First, the “intern fair-pay” movement is likely to spread across college campuses—maybe not with the speed of Facebook circa 2004, but quickly to be sure.  We predict that within the next year, similar campaigns will result in numerous other schools implementing internship “checks” like these. 

Second, the focus on DOL compliance puts employers in a delicate position.  If an employer fails to confirm its compliance with the DOL guidance, it may not only lose the ability to post its internship opportunities or attract the best candidates, but it may also paint a bulls-eye on its back for a lawsuit by an enterprising plaintiffs’ attorney.  Those employers that do confirm their compliance with the guidance, however, must actually deliver on that commitment, since interns whose experience is not consistent with that commitment could be more likely to sue given their increased awareness of the legal landscape. 

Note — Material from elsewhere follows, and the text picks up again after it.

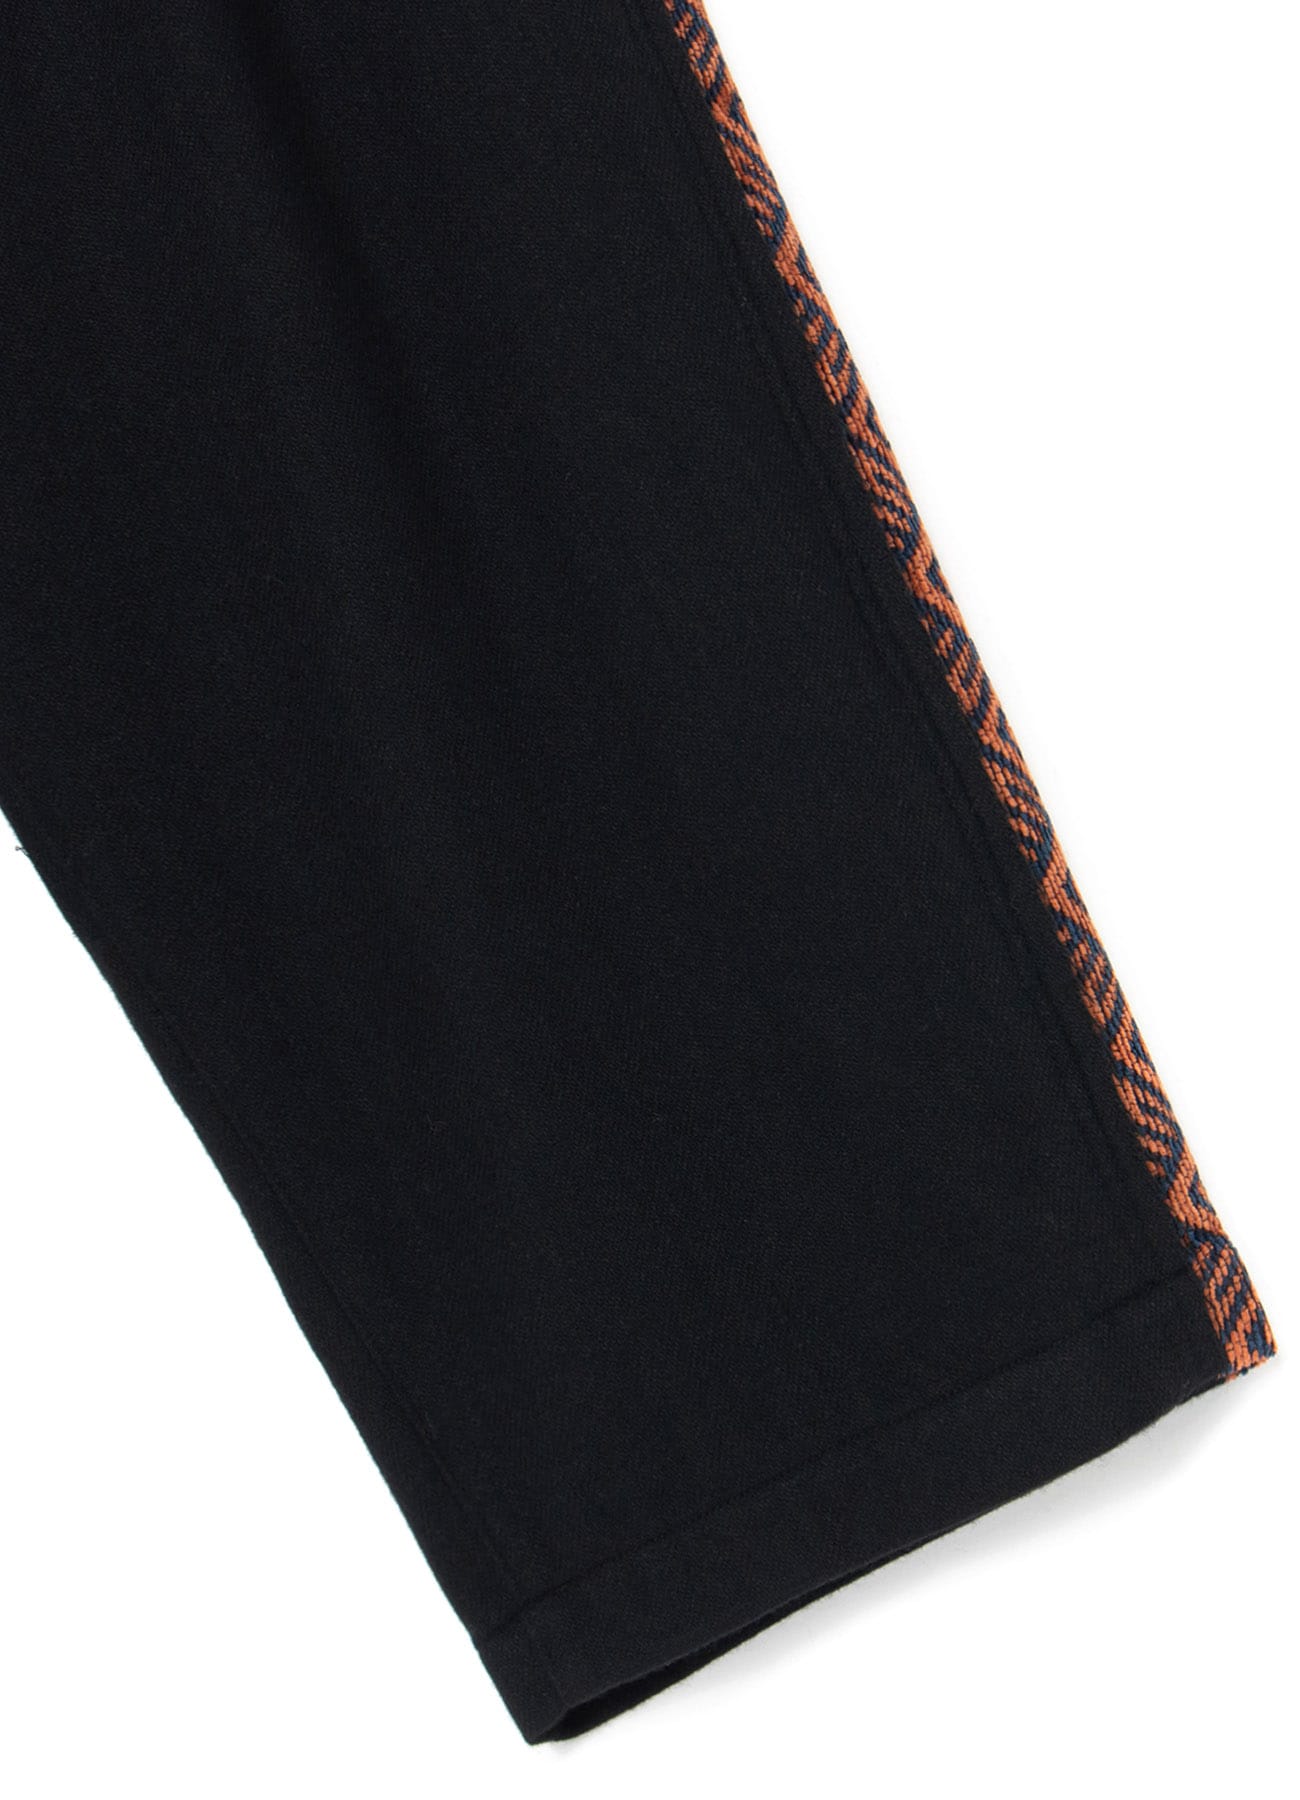 Flannel + Ecuadorian Woven Braid Side-Switching Pants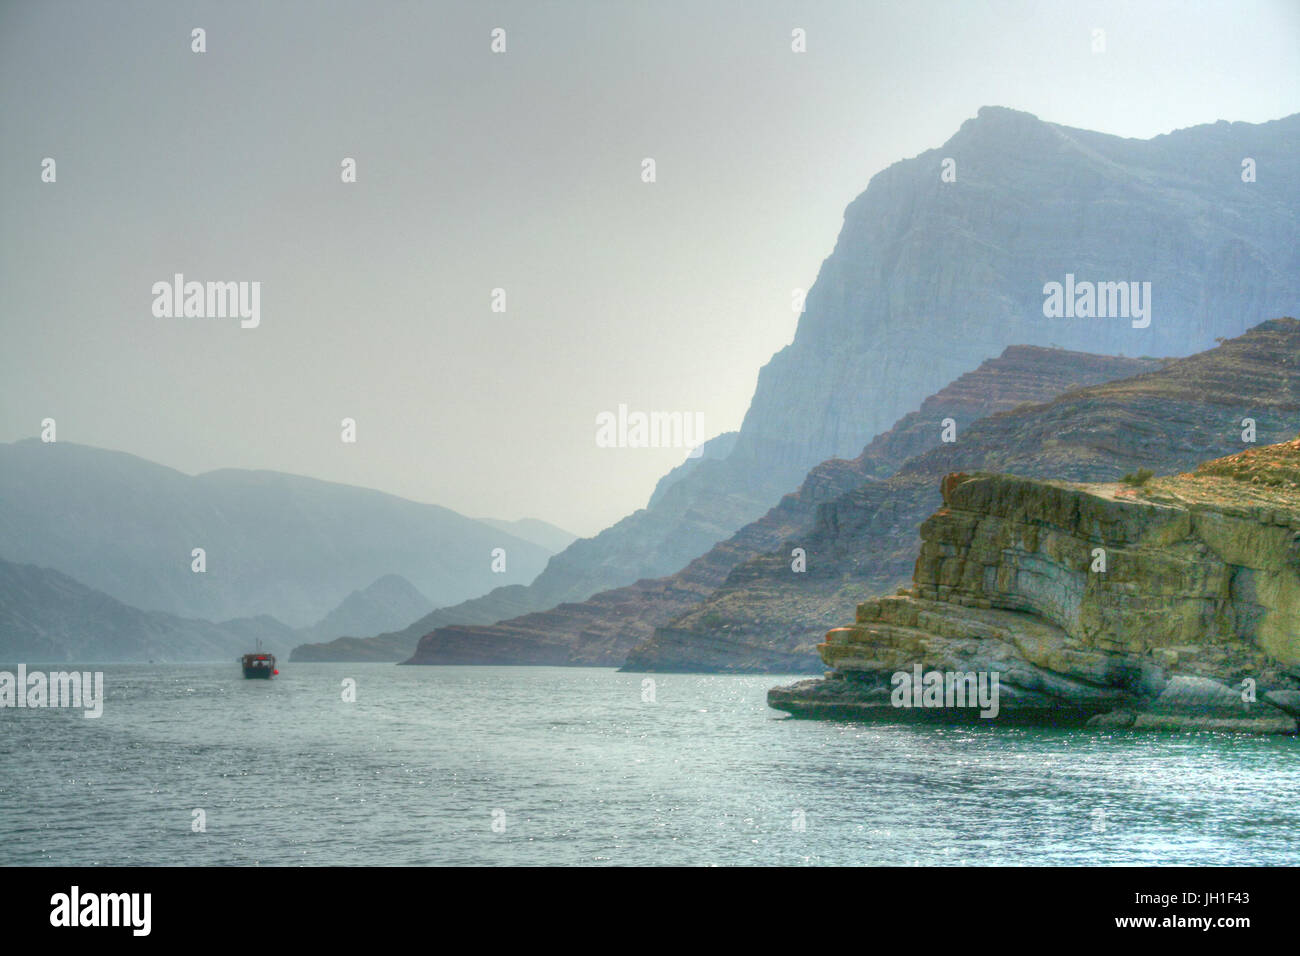 Boat trip on Khor ash Sham, Musandam Peninsula, Oman Stock Photo

In fact, the New York Times recently reported on the growing cohesiveness of the intern community.  For example, websites provide forums for interns to “gather and commiserate” while numerous blogs allow interns to anonymously vent about their experiences.  The creative industry even has a biannual magazine (aptly titled, “Intern”), dedicated to “initiating a long overdue and frank debate about the current state of the intern culture and its implications in both the short and long term” and to “empower interns.”  Employers that provide internship experiences that fall short of the DOL guidelines, or fall short of expectations in general, risk identification and scrutiny through these outlets.  

The bottom line: employers should remain prepared for increased scrutiny of their internship programs, not only from lawyers, but now also from colleges and students.